Tel: +91-9451-019049
E-mail: chowrasia.deepak@gmail.com
Received date: November 02, 2016; Accepted date: November 11, 2016; Published date: November 18, 2016
Citation: Chowrasia D, Sharma N. Crossed Aldol Condensation (CAC) as a Feasible Route for Synthesis of a 1, 2-Unsaturated Carbonyl Compound-1,3 Diphenylpropenone. Arch Chem Res. 2016, 1:1. doi: 10.21767/2572-4657.100002
We here report an optimized crossed aldol method for synthesis of 1,2-unsaturated carbonyl compound, 1,3-diphenylpropenone (82-93% yield) rely on alcoholic base assisted condensation of arylmethyl ketone with aromatic aldehydes. The method simply follows the conventional synthetic route however an extraordinary control over various reaction parameters enhance its synthetic practicability. Furthermore, a comparative study has been done to explore the scope for synthesis of 1,3-diphenylpropenone by crossed aldol reaction by solvent assisted method (SAM) and solvent-less method (SLM). Undeniably, solvent-less technique (90-95% yield) hold superiority however tuning of certain reaction parameters, leveled-up solvent assisted crossed aldol reaction, but not to an analogues platform.
Keywords
Crossed aldol condensation; 1,2-unsaturated carbonyl compound; 1,3-diphenylpropenone
Introduction
Acrolein, acrylic acid, crotonaldehyde, crotonic acid, ethyl crotonate, isocrotonic acid, fumeric acid, maleic acid, maleic anhydride, methyl acrylate are few examples of compounds bearing 1,2-unsaturated carbonyl functionality, characterized by presence of keto-ethylenic moiety separated by a single C-C bond. This unique configuration assigns the molecule an reactive double bond amenable to get attack by nucleophile at 1st as well 2nd position however 2nd predominate leading to formation of 1,4 addition type product [1]. Synthetically, the 1,2-unsaturated carbonyl compounds can be synthesize by numerous synthetic pathways, aldol reaction among meritoriously distinguished. Aldol condensation represents an important class of selfcondensing reactions providing unique synthetic platform for yielding 1,2-unsaturated carbonyl compounds, further chemically modified as per applicability [2,3]. Generally, the reaction proceeds under the influence of dilute acid/base where two molecules of an aldehyde or a ketone (both containing α-protons) condensed with each other removing water as a major side product. Crossed aldol condensation, a sister concerned aldol reaction occurs between two different carbonyl compounds (aldehyde/ketone); however, only one at this time contains α-protons. Typically, the synthetic scope of crossed aldol reaction under general circumstances is rather more comparatively (to aldol reaction) owing to yielding multiple product at same time however efficient separation of same into desirable constituents is main commercial limitation since it potentially reduces the overall quantity of product under interest.

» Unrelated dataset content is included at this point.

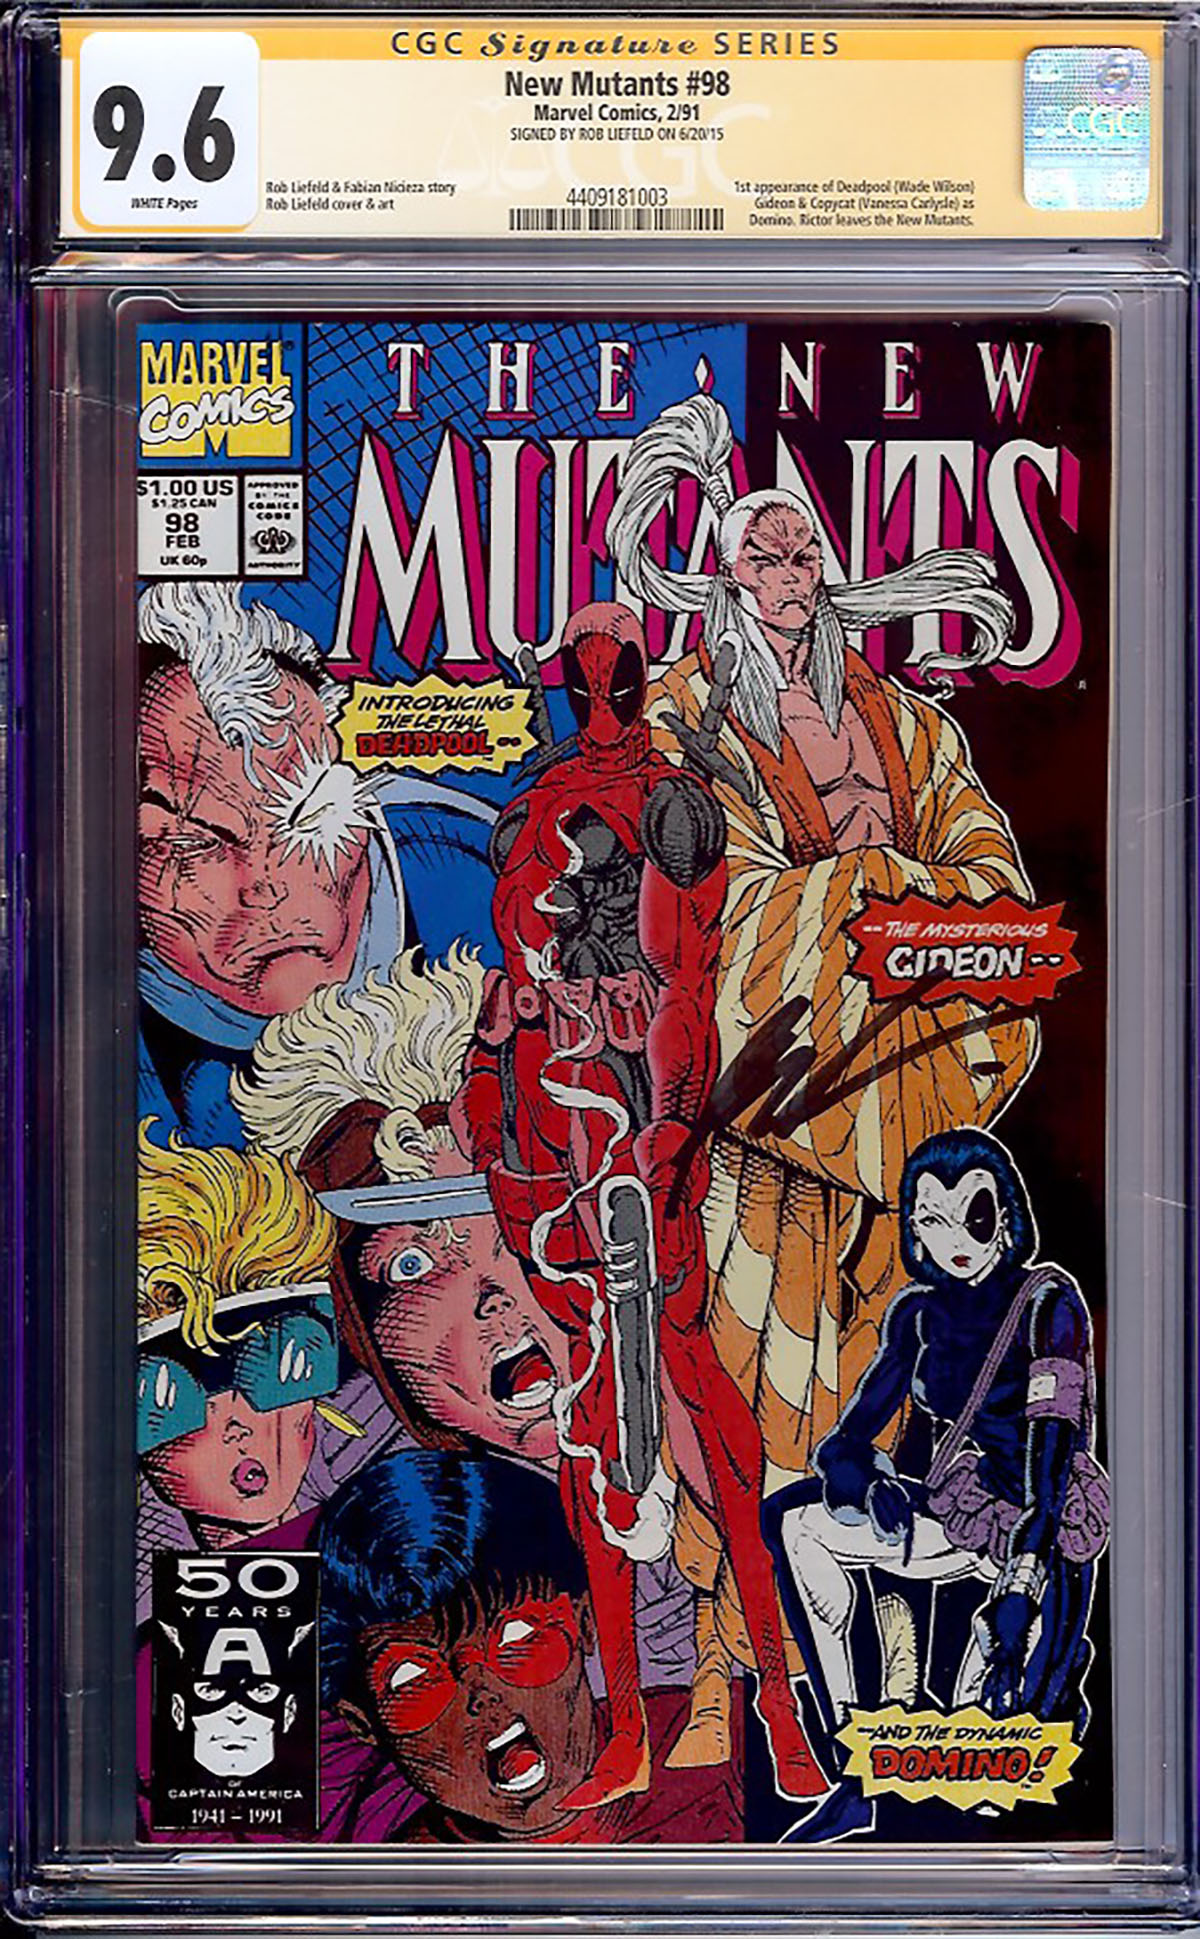 New Mutants #98 CGC 9.6 w CGC Signature SERIES

We here reports an optimized crossed aldol condensation and elucidate its synthetic feasibility in synthesizing 1,2-unsaturated carbonyl compound-1,3-diphenylpropenone, an important synthetic pharmacophore [4] including its practicability undersolvent and solvent-less environment [5]. For the purpose of optimization, condensation between acetophenone and different aromatic aldehydes were done in a systematic manner with an efficient manipulation in various reaction parameters sequentially. The optimization process in addition considered factors such as prolong reaction time, excessive solvent requirement, sticky product formation, reaction failure, self condensation of enolate, side reactions, impure product, and lower yield, which were further included in the area of study. Therefore in the view of aforesaid restrictions and our own intention toward optimization of crossed aldol condensation to enhance its commercial practicability shuffled the quantity of reactants, their time frame and sequence of charging, solvent volume, amount of bases, net reaction time, overall reaction temperature and finally reframed the technique to enhance its synthetic scope.
Materials and Methods
All the commercial reagents and solvents used in this experimentation are reagent grade and were used without further treatment unless or until specified. 1H NMR spectra were recorded with a Bruker Avance II 300 NMR spectrometer. The chemical shifts were recorded in parts per million (ppm) and reported relative to the TMS. Mass spectra were recorded on Waters Q-TOF Premier-HAB213 system in ESI mode. The FT-IR spectra of synthesized compounds were recorded on PerkinElmer Spectrum version 10.03.06. The melting point was recorded by open capillary method and is uncorrected.
Experimental
Preparation of compounds by scheme 01, (1a-c)
The 1,3-diphenylpropenone and their derivatives were synthesized in solvent (Scheme 1) and solvent-less conditions (Scheme 2) by adopting following methodology. In a clean ground neck conical flask chilled solution of sodium hydroxide (200 mg in 5 ml) was transferred followed by cold ethanol (10 ml). The flask was then immersed in an ice-chest and was fitted with a sensitive thermometer, once reading of thermometer fixed at 0°C aromatic aldehyde (0.01 M) was transferred at once; stirring initiated. Immediately, distilled acetophenone (0.01 M) at a rate of 5-drops/min. was dropped in with vigorous stirring while maintaining the reaction temperature not greater than 5°C (10°C at max). Once addition was completed ice-chest was replaced with a cold water-bath (15°C; 20°C at max) and stirring was resumed for next 3-hrs. The product so formed was filtered off, washed thoroughly initially from excess cold water followed by small quantity of chilled ethanol, and was dried at lower temperature however if required was washed separately from ethyl acetate (10 ml). 1,3-diphenylpropenone so obtained was sufficiently pure for further usage nevertheless recrystallized from ethanol and purity regarding same was estimated from thin layer chromatography (TLC) employing ethylacetate:petroleum ether as a biphasic solvent system in a ratio of 7:3 (Figure 1).
Scheme 1: For optimization and synthesis (1a-c).
Scheme 2: For synthesis in solventless environment (1a-c).
Figure 1: Structures of synthesised compounds (1,3-diphenylpropenone (1a), (E)-3-(4-methoxyphenyl)-1-phenylprop-2- en-1-one(1b),(E)-3-(4-dimethylaminophenyl)-1-phenyl prop -2-en-1-one (1c).
Preparation of compounds by scheme 02, (1a-c)
For solvent-less technique, in a clean pestle mortar equimolar quantity (0.01 M) of acetophenone and aromatic aldehyde were placed at room temperature. The reactant mixture was triturated in the presence of NaOH (2-pellet) or KOH (1-pellet) for at least 7-10 minutes to yield the product. The product so obtained was sufficiently pure for further usage however was recrystallized by ethanol.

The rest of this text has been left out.